Return exactly the lines below, starting with the one that has "saving money - Stock Image" and going on through the one that has "terrasse en ipe".

== SOURCE DATA ==
Start of Block
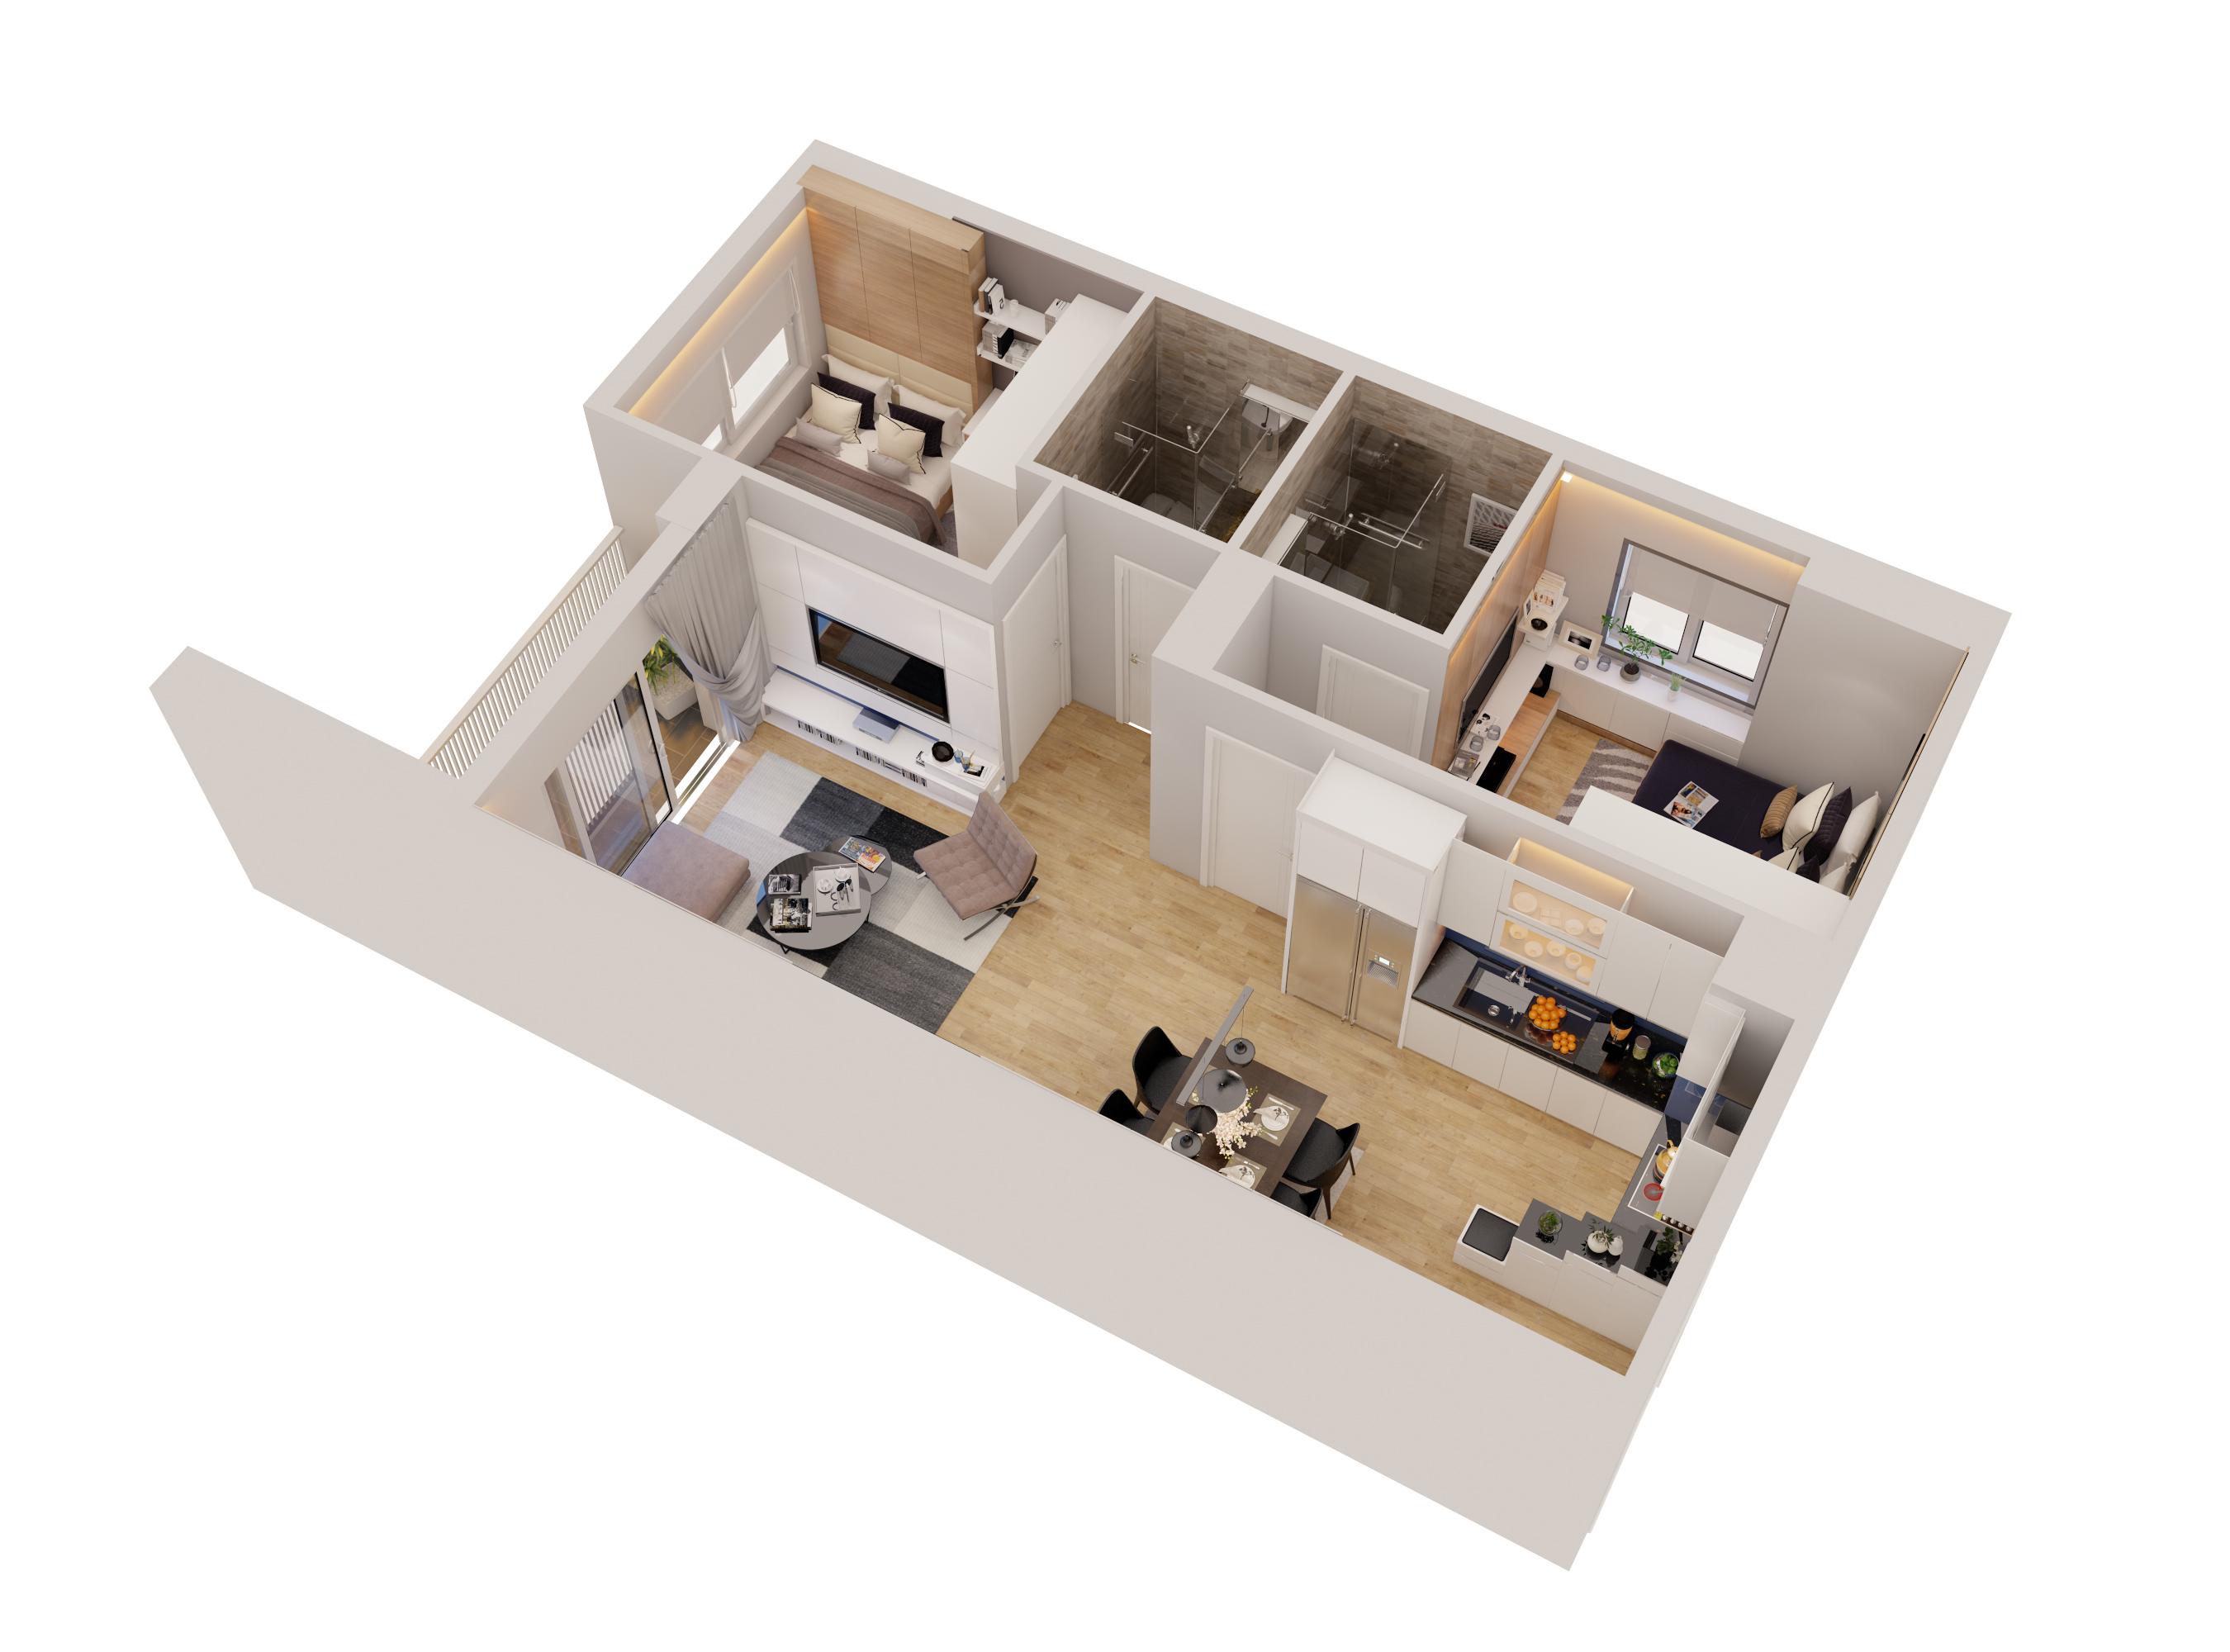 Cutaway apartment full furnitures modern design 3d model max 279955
End of Block
Start of Block
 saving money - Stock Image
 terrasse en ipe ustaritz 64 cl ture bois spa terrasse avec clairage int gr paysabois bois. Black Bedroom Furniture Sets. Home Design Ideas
End of Block
== ANSWER TO THE EXERCISE ==
 saving money - Stock Image
 terrasse en ipe ustaritz 64 cl ture bois spa terrasse avec clairage int gr paysabois bois. Black Bedroom Furniture Sets. Home Design Ideas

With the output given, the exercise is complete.